EXERCISE PROMPT: Would you please set down the data again exactly as given, excluding the pictures?

DATA PROVIDED:

# # # # # # #

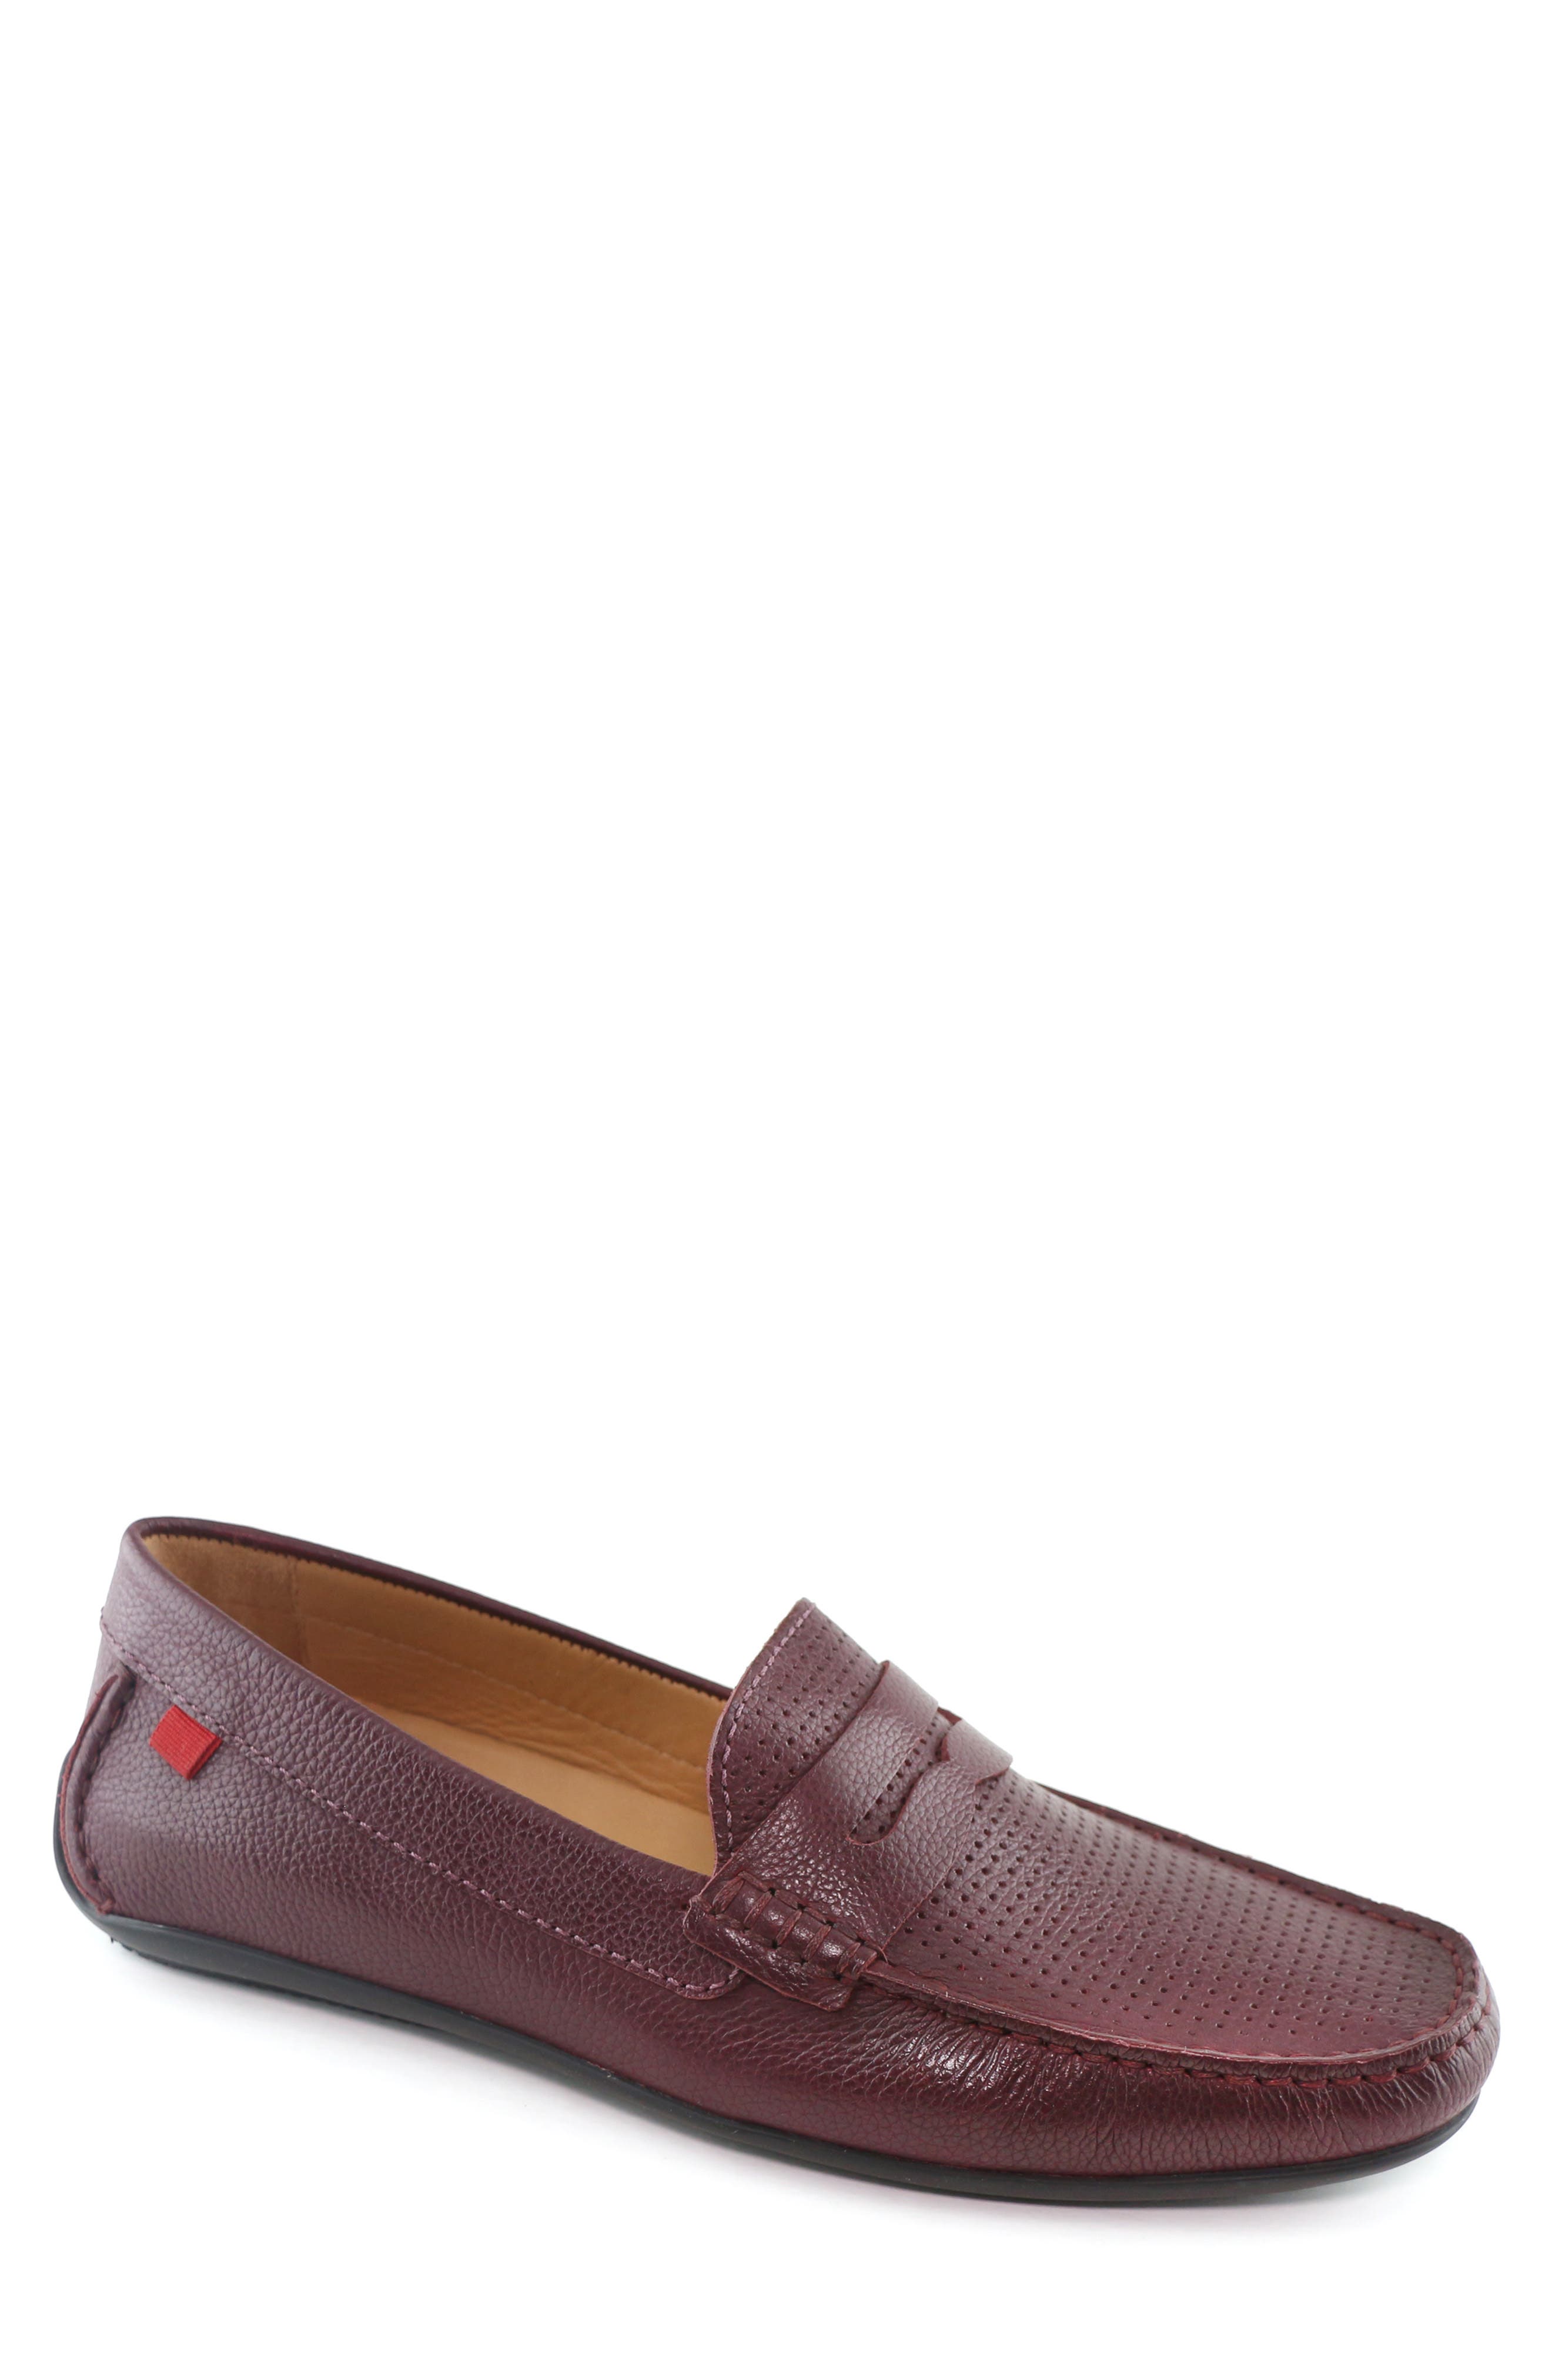 mens loafers sale
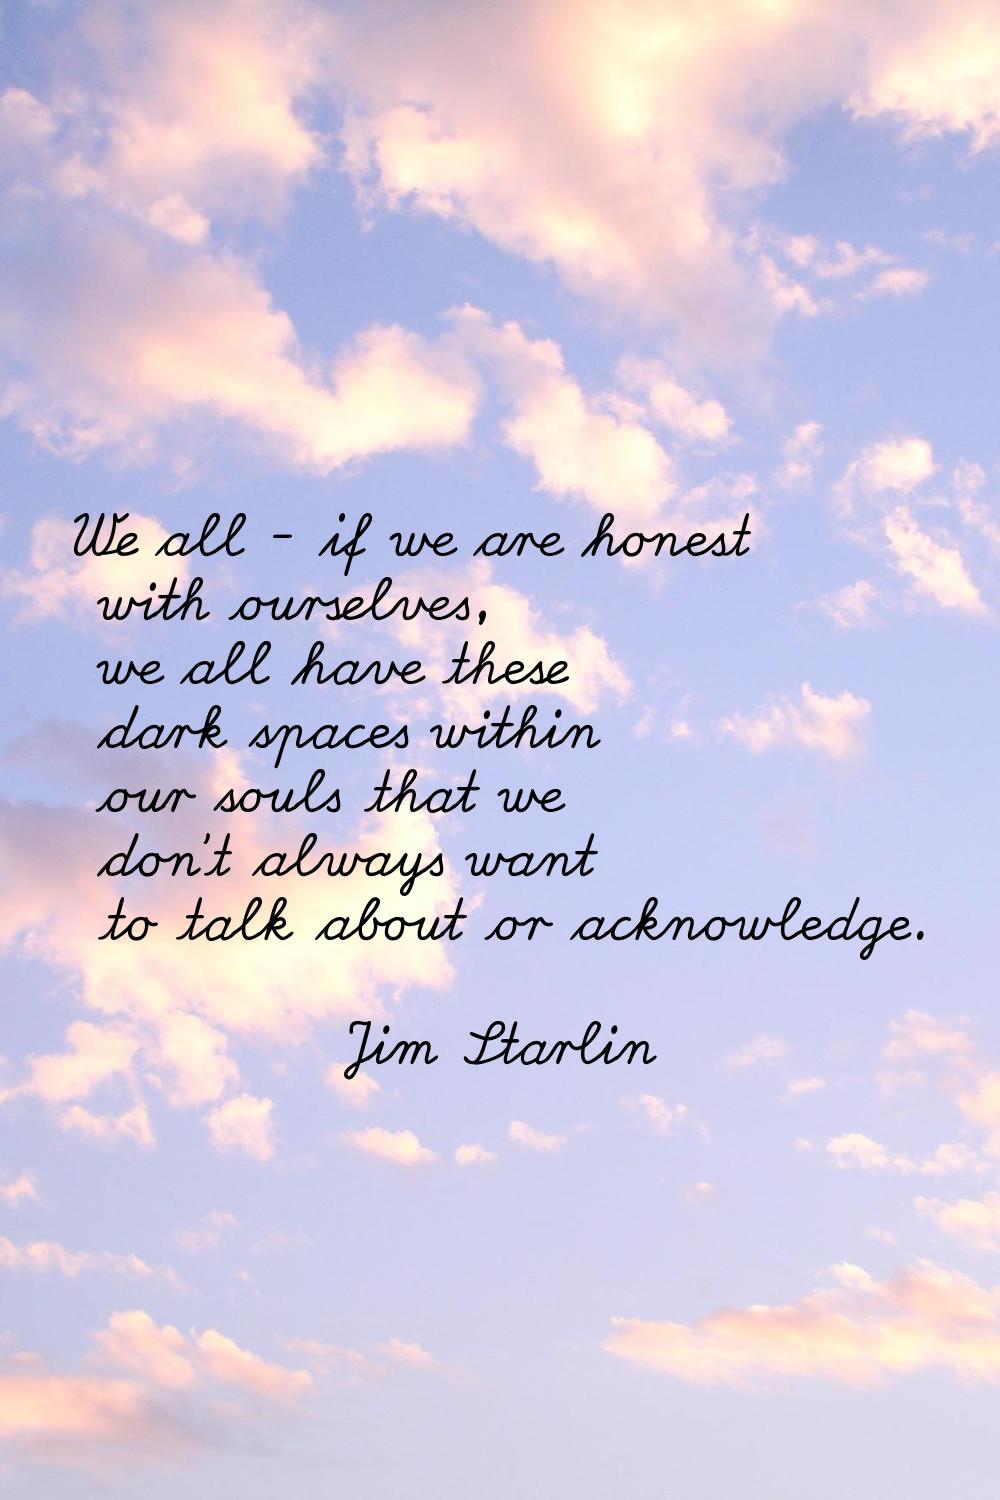 We all - if we are honest with ourselves, we all have these dark spaces within our souls that we do
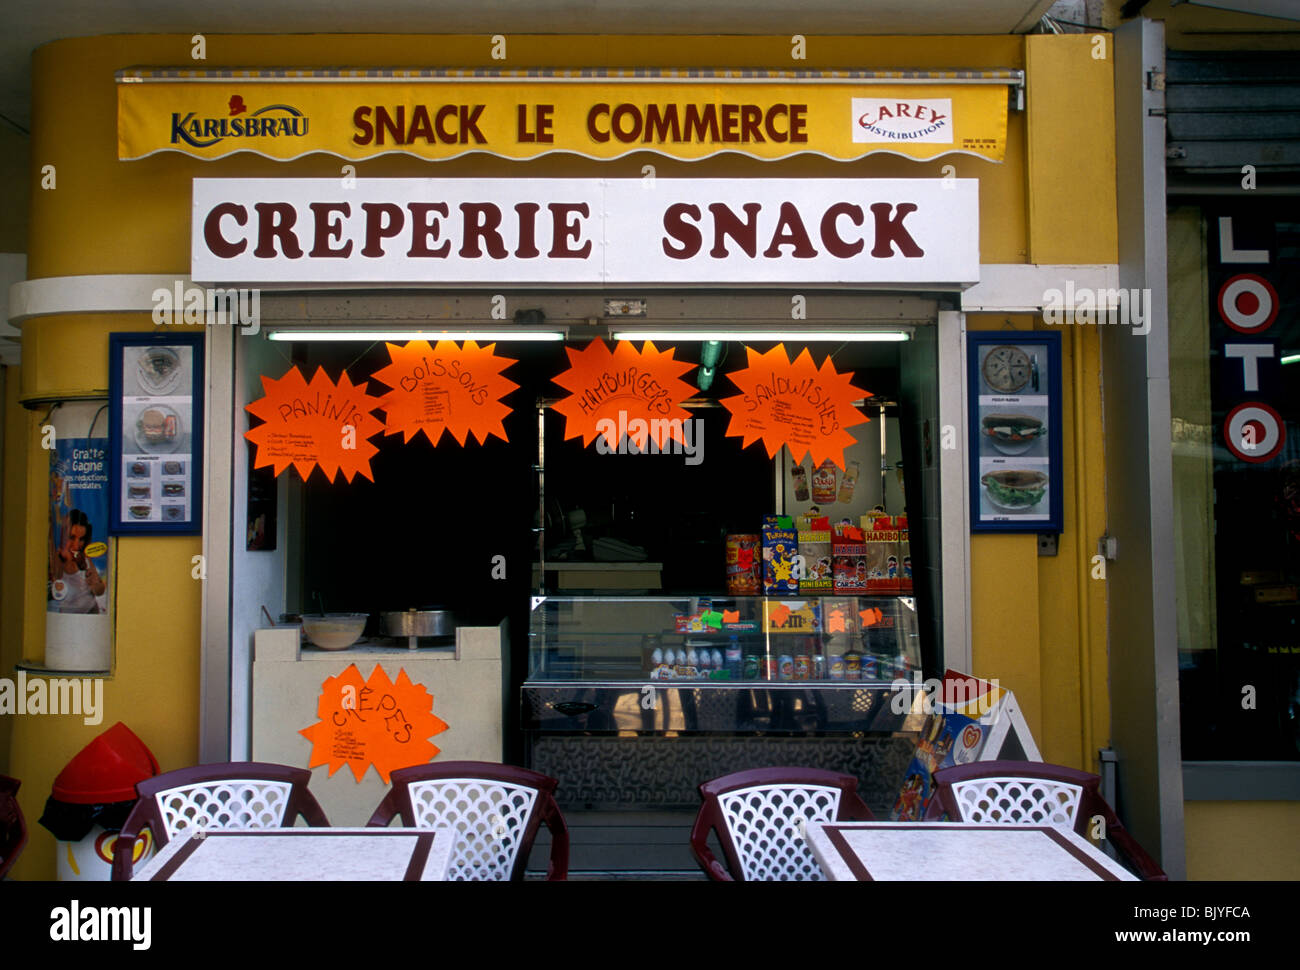 Creperie Snack, creperie, crepe, crepes, sign, menu, French restaurant, French food and drink, French food, Orange, France Europe Stock Photo

# # # # # # #

RESULT FOR THIS EXERCISE:
 mens loafers sale
 We all - if we are honest with ourselves, we all have these dark spaces within our souls that we do
 Creperie Snack, creperie, crepe, crepes, sign, menu, French restaurant, French food and drink, French food, Orange, France Europe Stock Photo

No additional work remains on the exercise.